Liberdade de escolha: consumidores residenciais poderão contratar fornecedor de energia a partir de 2028

A partir de novembro de 2028, brasileiros terão direito de escolher seu fornecedor de energia e podem economizar até 30% na conta



Uma nova regulamentação do setor elétrico brasileiro permitirá que todos os consumidores, em breve, selecionem seu próprio fornecedor de energia, abrindo possibilidades significativas de redução de custos.

Nova regulamentação vai permitir que consumidor escolha fornecedor de energia

Uma empresa de logística localizada em São Bernardo do Campo, no interior de São Paulo, experimenta os benefícios dessa mudança há dois anos.

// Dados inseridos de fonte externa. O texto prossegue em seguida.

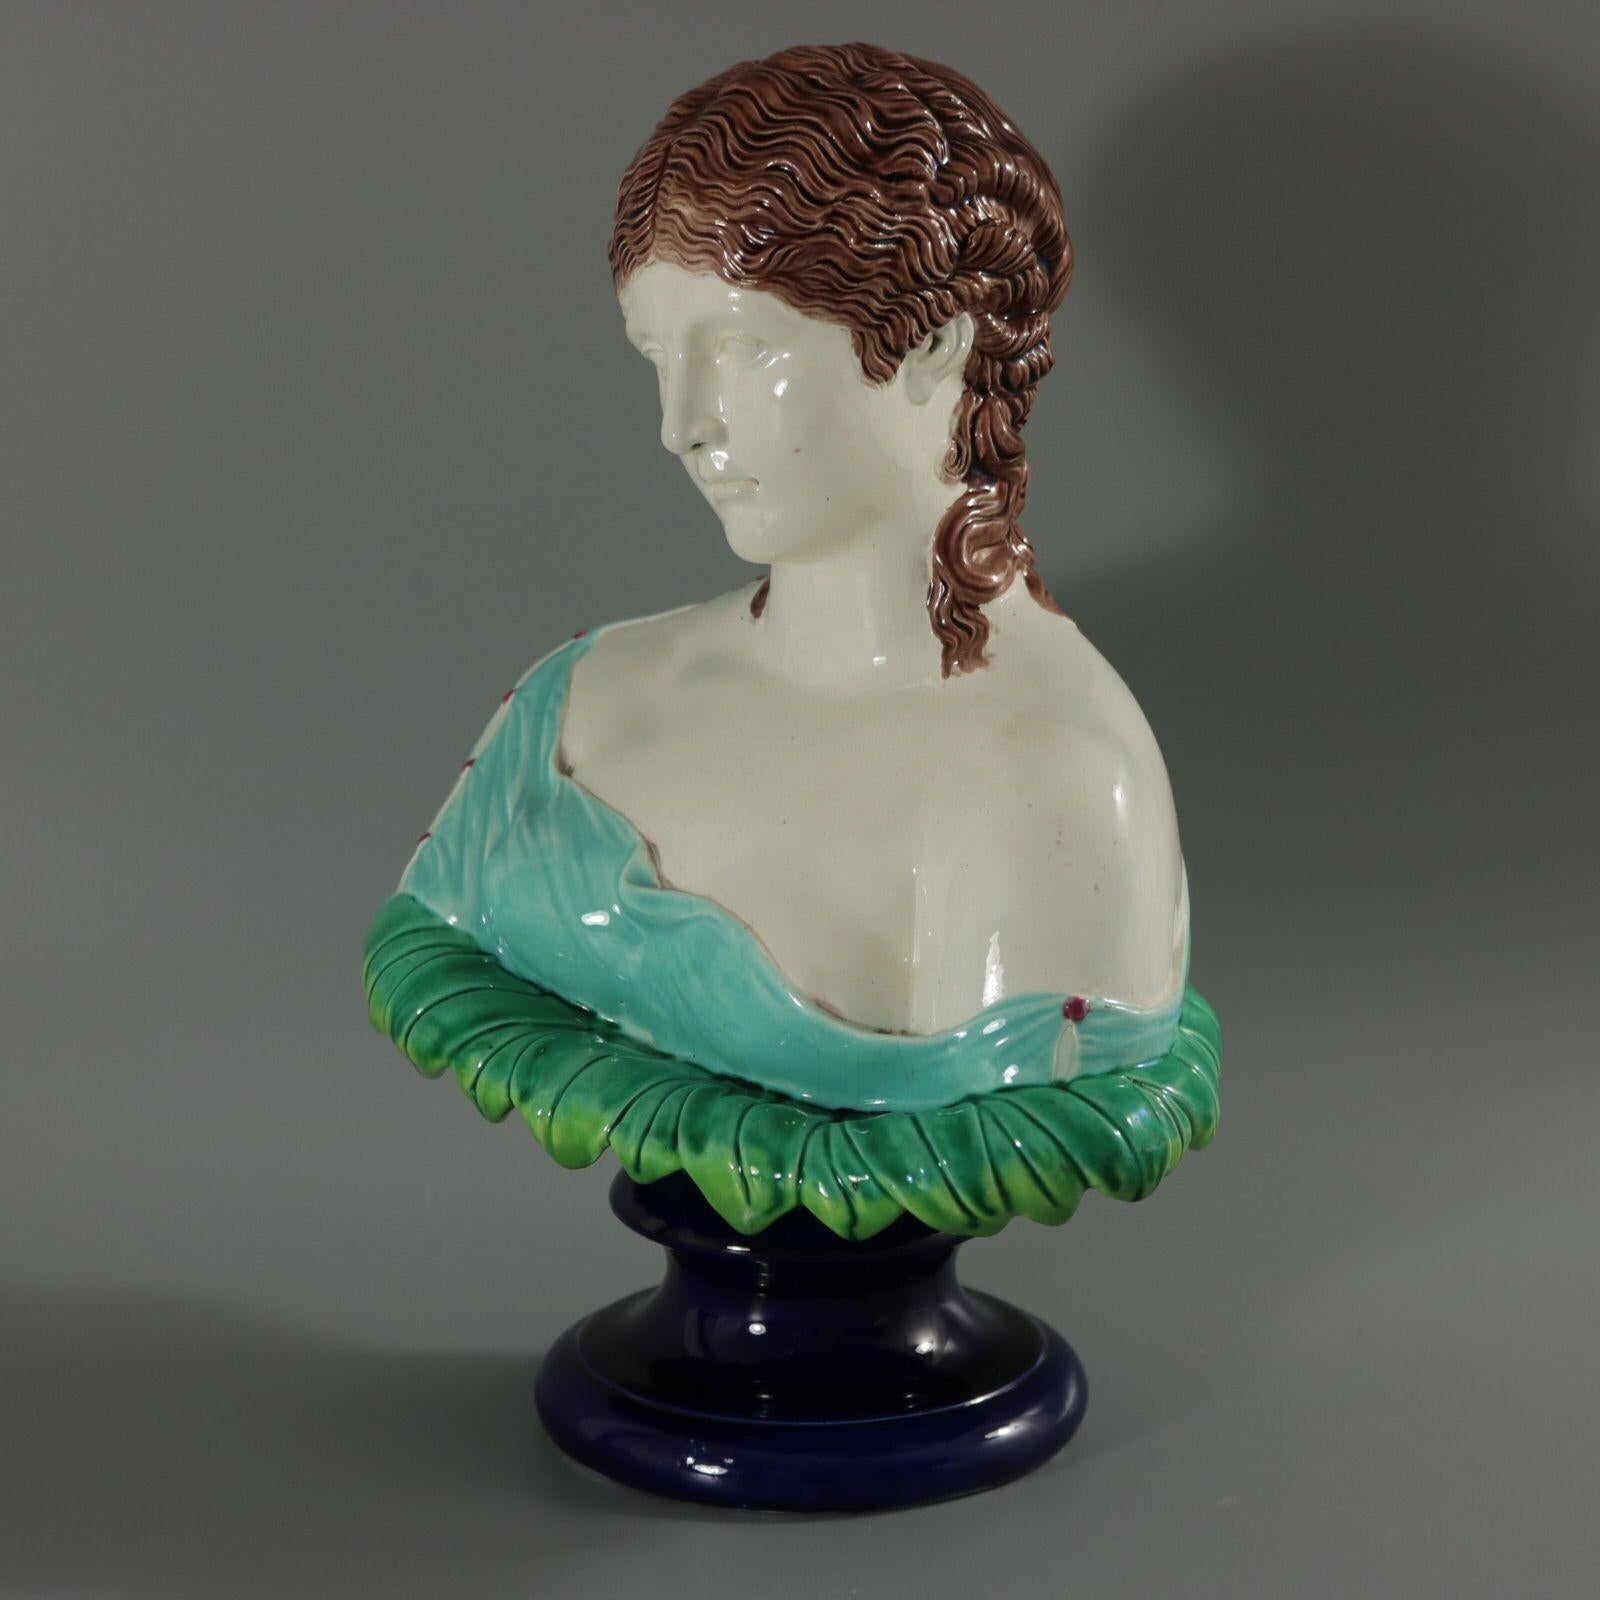 Copeland Majolica bust which features head and shoulders of a woman on a bed of leaves. Sits on a socle base. Colouration: white, turquoise, green, are predominant. This piece represents Clytie the water nymph, daughter of the Titans Oceanus and

A companhia pagava mensalmente R$ 37 mil em sua conta de eletricidade, mas após migrar para o mercado aberto, conseguiu reduzir em aproximadamente 30% seus gastos com energia.

"Por mês, R$ 10 mil representa uma economia gigantesca, totalizando R$ 120 mil anuais. Realmente o mercado livre compensa bastante", afirma Milton Bigucci Junior, diretor técnico da construtora.

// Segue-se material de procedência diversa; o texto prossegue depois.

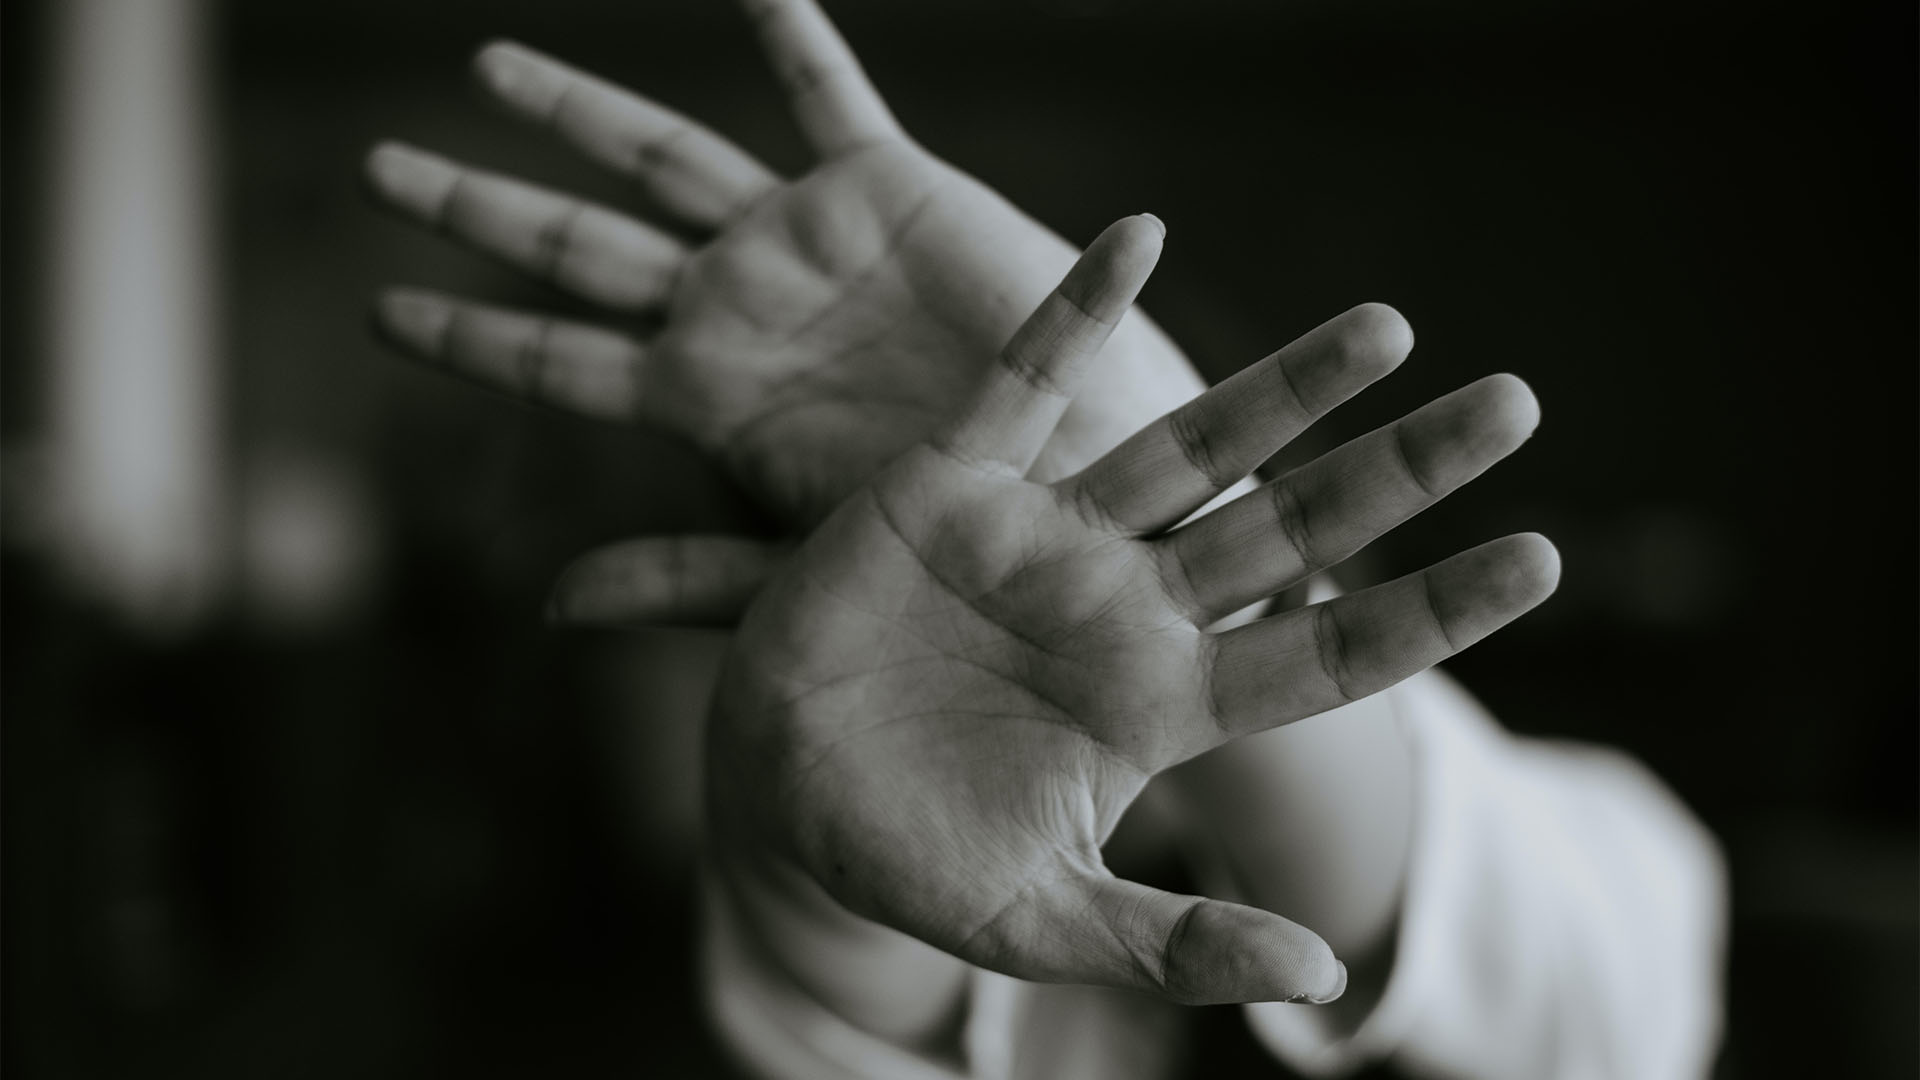 Closeup shot of a pair of hands crossing in the front hiding the person's face.

Atualmente, em 2024, os grandes consumidores — incluindo indústrias, centros comerciais e empresas de maior porte — já possuem o direito de abandonar a compra junto às distribuidoras locais e negociar diretamente com comercializadoras de energia, obtendo preços mais vantajosos.

Os pequenos empreendimentos terão acesso a essa mesma oportunidade. A partir de novembro de 2027, estabelecimentos como lojas de varejo, panificadoras, restaurantes e demais pequenas empresas poderão escolher seu fornecedor. Posteriormente, em novembro de 2028, os consumidores domésticos receberão esse mesmo direito.

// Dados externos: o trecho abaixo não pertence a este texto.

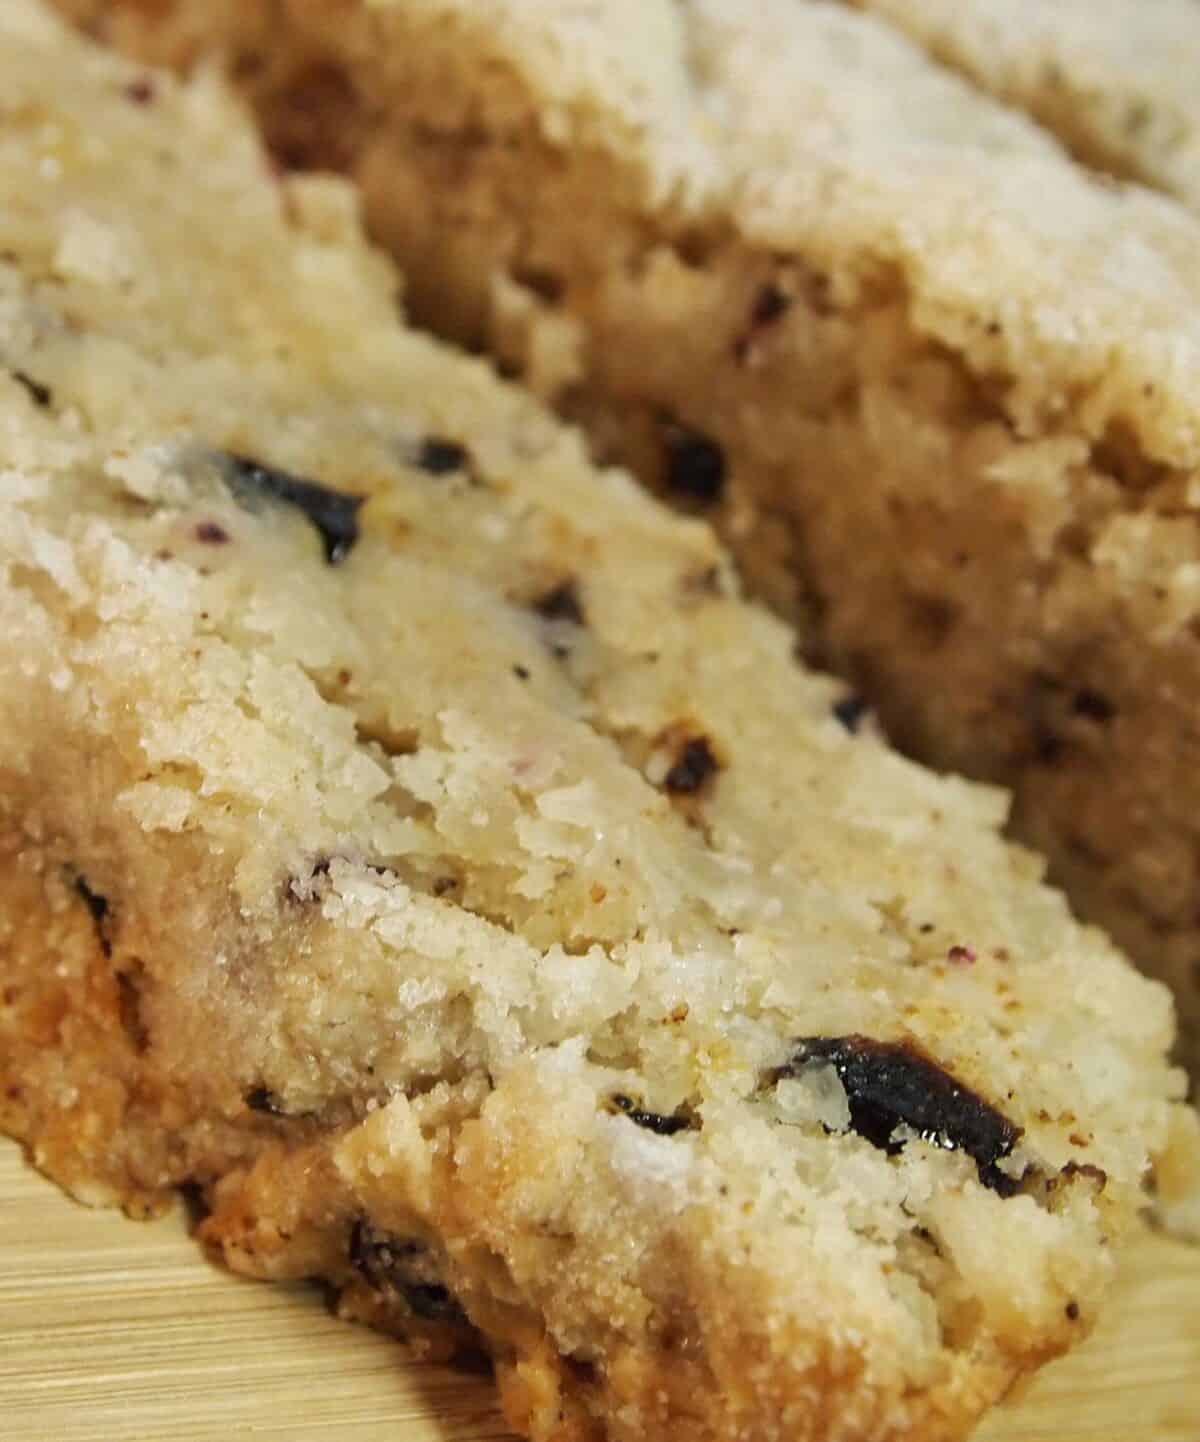  Can you smell the delicious aroma of our Bajan Sweet Bread?

Antes de tomar decisões sobre essa mudança, é fundamental compreender as novas regras e os possíveis benefícios para os usuários finais.

"Frequentemente ocorrem quedas de energia", observa Josilda Lima, auxiliar de limpeza.

A qualidade da distribuição de energia não será alterada pela mudança de fornecedor, uma vez que a infraestrutura de distribuição continuará sob responsabilidade da concessionária local de cada município.

O modelo funcionará através da criação de empresas comercializadoras que adquirem energia das geradoras e a revendem aos consumidores finais. Os clientes poderão contratar diretamente com essas comercializadoras, desde que respeitem contratos com duração mínima de 12 meses.

O sistema operará de forma similar ao mercado de telecomunicações no país.

"Se a economia for significativa, acredito que os brasileiros aprovem essa mudança", comenta Thaís dos Santos, atendente.

Essa é a promessa do novo modelo. No entanto, os resultados dependerão dos termos específicos dos contratos que cada consumidor assinará.

"Em um mercado competitivo, espera-se que haja uma redução nos preços das tarifas devido à concorrência que se estabelecerá", explica Gerusa Côrtes, diretora de operação de mercado da Câmara de Comercialização de Energia (CCEE).

A diretora da CCEE destaca que as comercializadoras podem oferecer serviços adicionais, conforme ocorre em outros países.

"Essas comercializadoras podem enviar notificações informando os melhores horários para consumir energia, o que também pode contribuir para reduzir sua conta mensal", complementa Gerusa.

A portabilidade energética será implementada gradualmente ao longo dos próximos dois anos. Este período é essencial para que os consumidores se informem sobre a mudança e tomem as decisões mais adequadas.